Info dumps, or long, unnatural passages of exposition, are a good way to bore and lose your reader. Sometimes we try to sneak in that backstory through dialogue, but it isn’t always better to have a character say the info dump than to think it!
Find your dialogue info dumps
How can you tell if you’re dumping in dialogue? Here are a couple tips:
- If one character is sharing something with another character who should already know this—that might be an info dump
- If you’re really trying to talk to the reader with the dialogue—that might be an info dump
- If it’s more than a sentence or two of backstory—that might be an info dump
- If it doesn’t have anything to do with what’s going on in the present scene—that’s an info dump.
Fix those info dumps!
Here are a couple made-up instances of “info dumpy” dialogue. How would you fix them?

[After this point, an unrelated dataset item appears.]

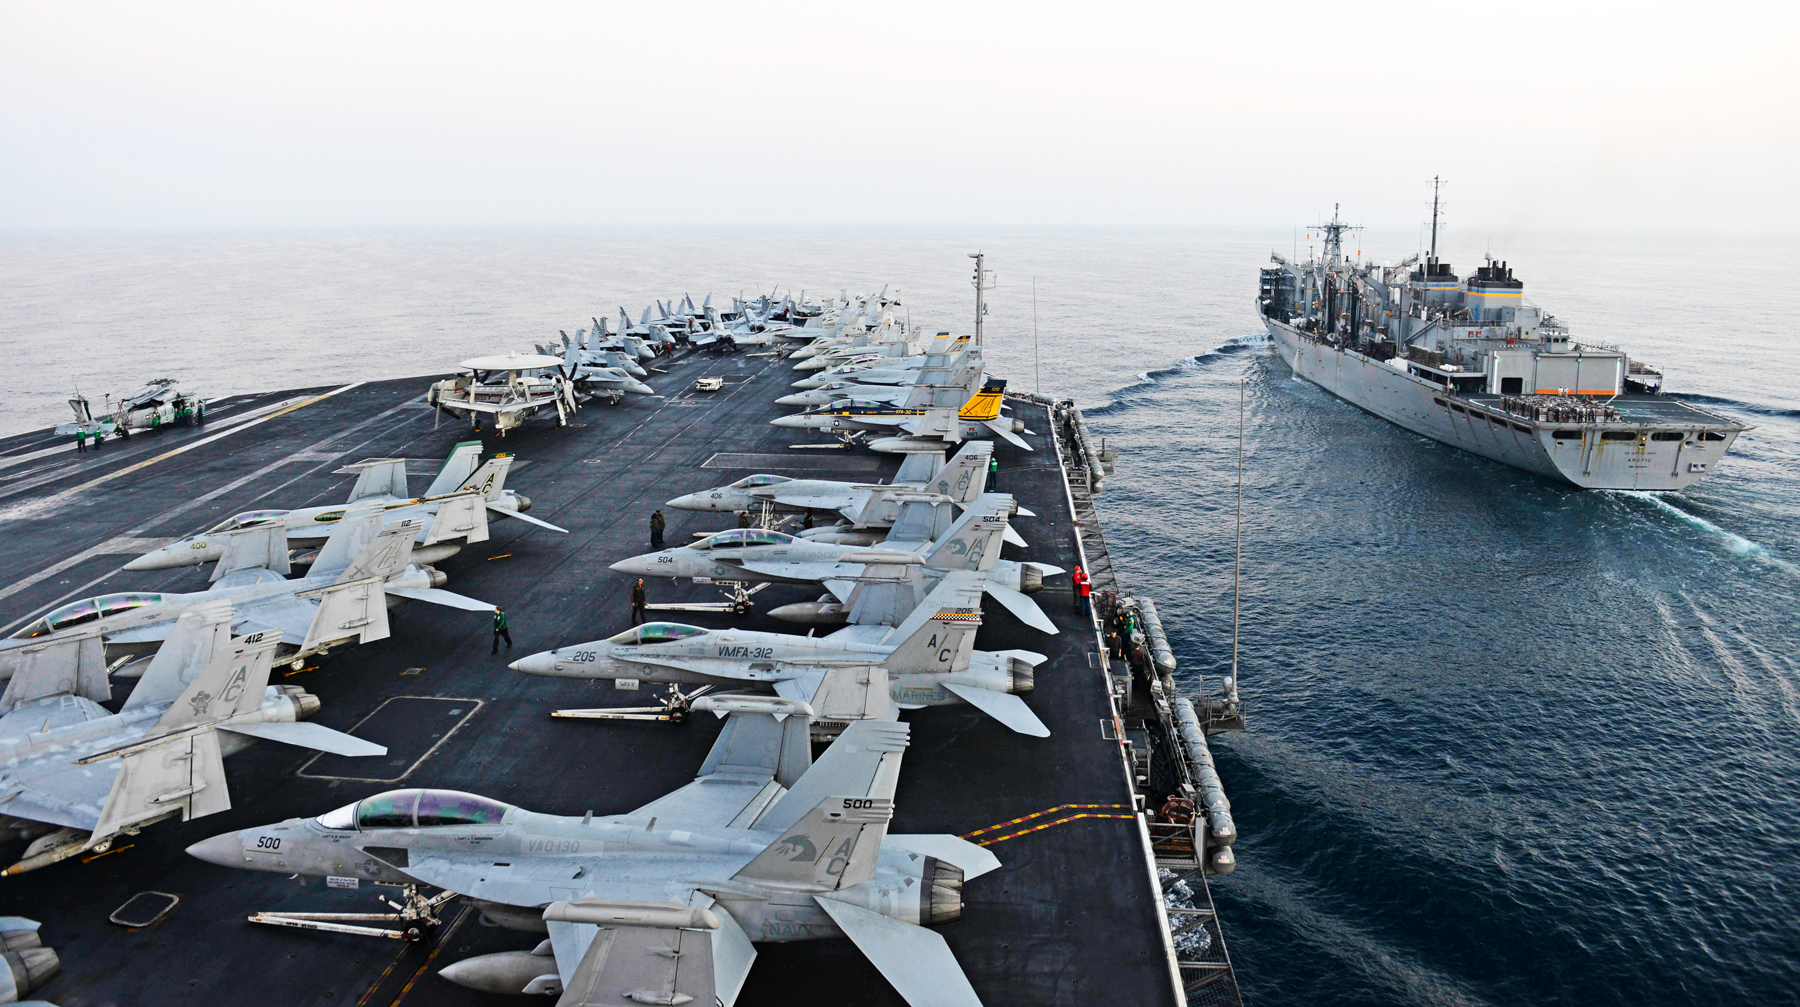 Какая техника и корабли есть у сторон в регионе и каким будет очередной раунд «морского боя» для стран-участниц Фото: © flickr.com/U.S. Naval Forces Central Command

“As you know, my darling, we’ve been married for seven years, and our two children, Tina and Tommy, are almost perfect angels.”
“Yes, my love, and we’ve lived in this same house for three years, but we’re thinking about moving.”
“That’s the reactor or coil. It’s a a passive two-terminal electrical component which resists changes in electric current passing through it. It consists of a conductor such as a wire, usually wound into a coil. When a current flows through it, energy is stored in a magnetic field in the coil. When the current flowing through an inductor changes, the time-varying magnetic field induces a voltage in the conductor, according to Faraday’s law of electromagnetic induction, which by Lenz’s law opposes the change in current that created it.”
“Do you remember Jimmy? The guy from high school who was virtually president of the A/V club, but then went on to make it big in the dot-com boom? He managed to get out before the bubble burst, and he’s still living large in Silicon Valley. I heard he actually sold Page & Brin the name for Google. It was originally called Backrub, of course.”
“Look, I know you’re going through a hard time with your breakup, but I just need to tell you this right this minute: when I was seven, I had this puppy, and he got lost and we looked everywhere for him . . . [ten pages later] . . . and that’s why I don’t like cheese.”